Sent from my SAMSUNG-SM-G890A using Tapatalk


----------



## benhasajeep (Sep 18, 2017)

One set of numbers is the actual focal length of the lens.  The larger set of numbers are the effective focal length when combining with the crop factor of the sensor.


----------



## davidharmier60 (Sep 19, 2017)

So. Do the AF-s lenses have less than 1.6x? or is there no need for me to try and get any AF-s?

Sent from my SAMSUNG-SM-G890A using Tapatalk


----------



## benhasajeep (Sep 19, 2017)

davidharmier60 said:


> So.

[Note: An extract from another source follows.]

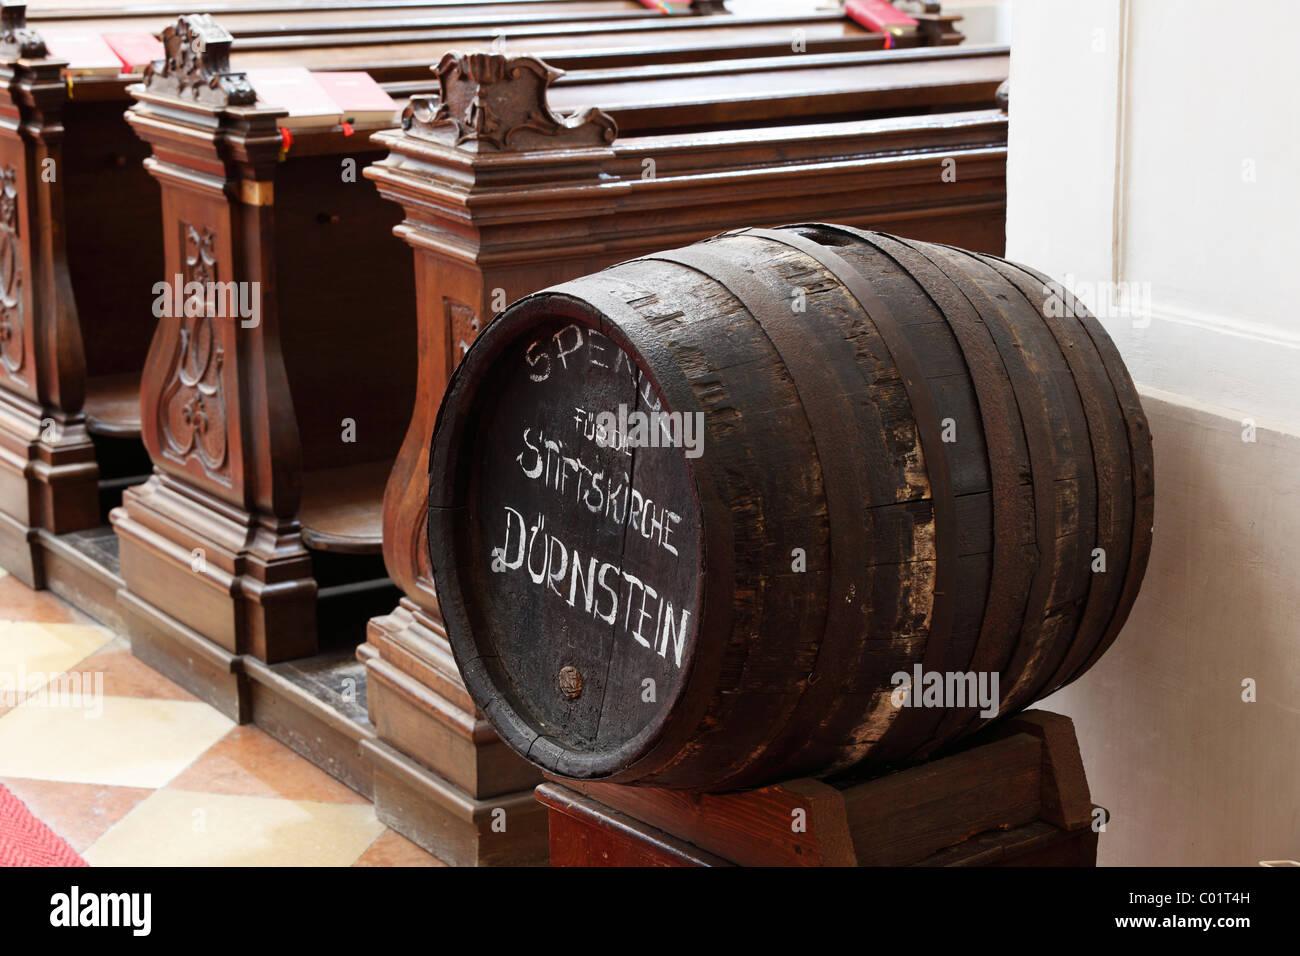 Wine barrel for donations, abbey church, Duernstein, Wachau valley, Waldviertel region, Lower Austria, Austria, - Stock Image

Do the AF-s lenses have less than 1.6x? or is there no need for me to try and get any AF-s?
> 
> Sent from my SAMSUNG-SM-G890A using Tapatalk



NO.  The size of the sensor on the camera causes the 1.6x.  A Canon 1D has a 1.3 crop factor.  The lens for example 10-22mm EF-s is physically a 10mm to 22mm zoom lens by actual measurements.  But on a 40D the final picture will be like a 16mm to 35mm zoom lens was used.  With EF-s the s means the lens is designed for crop sensor cameras and the image circle of the lens is designed for those smaller sensors.  They will mount on a full frame camera.  But you will either get a vignette or use the full frame cameras in crop mode.


----------



## davidharmier60 (Sep 19, 2017)

Sheesh! Will my Phoenix 19-35 be reasonable at 30-56 actual or will I have to have a 10-? To get wide pictures?

Sent from my SAMSUNG-SM-G890A using Tapatalk


----------



## benhasajeep (Sep 19, 2017)

davidharmier60 said:


> Sheesh! Will my Phoenix 19-35 be reasonable at 30-56 actual or will I have to have a 10-? To get wide pictures?
> 
> Sent from my SAMSUNG-SM-G890A using Tapatalk


Well for my APS-C Nikons 1.5x crop.  I have a 11-16 lens for ultra wide pictures.  So it's effective is 16.5mm x 24mm.  On a full frame 14mm is ultra wide with 13mm being about the widest non fisheye that I know of.  13mm being very expensive.   So a Canon 10-22mm or Sigma 10-20mm zoom would get you your widest shots on your 40D.  Tokina makes a good 11-20mm as well (my 11-16 is the original version of the new one).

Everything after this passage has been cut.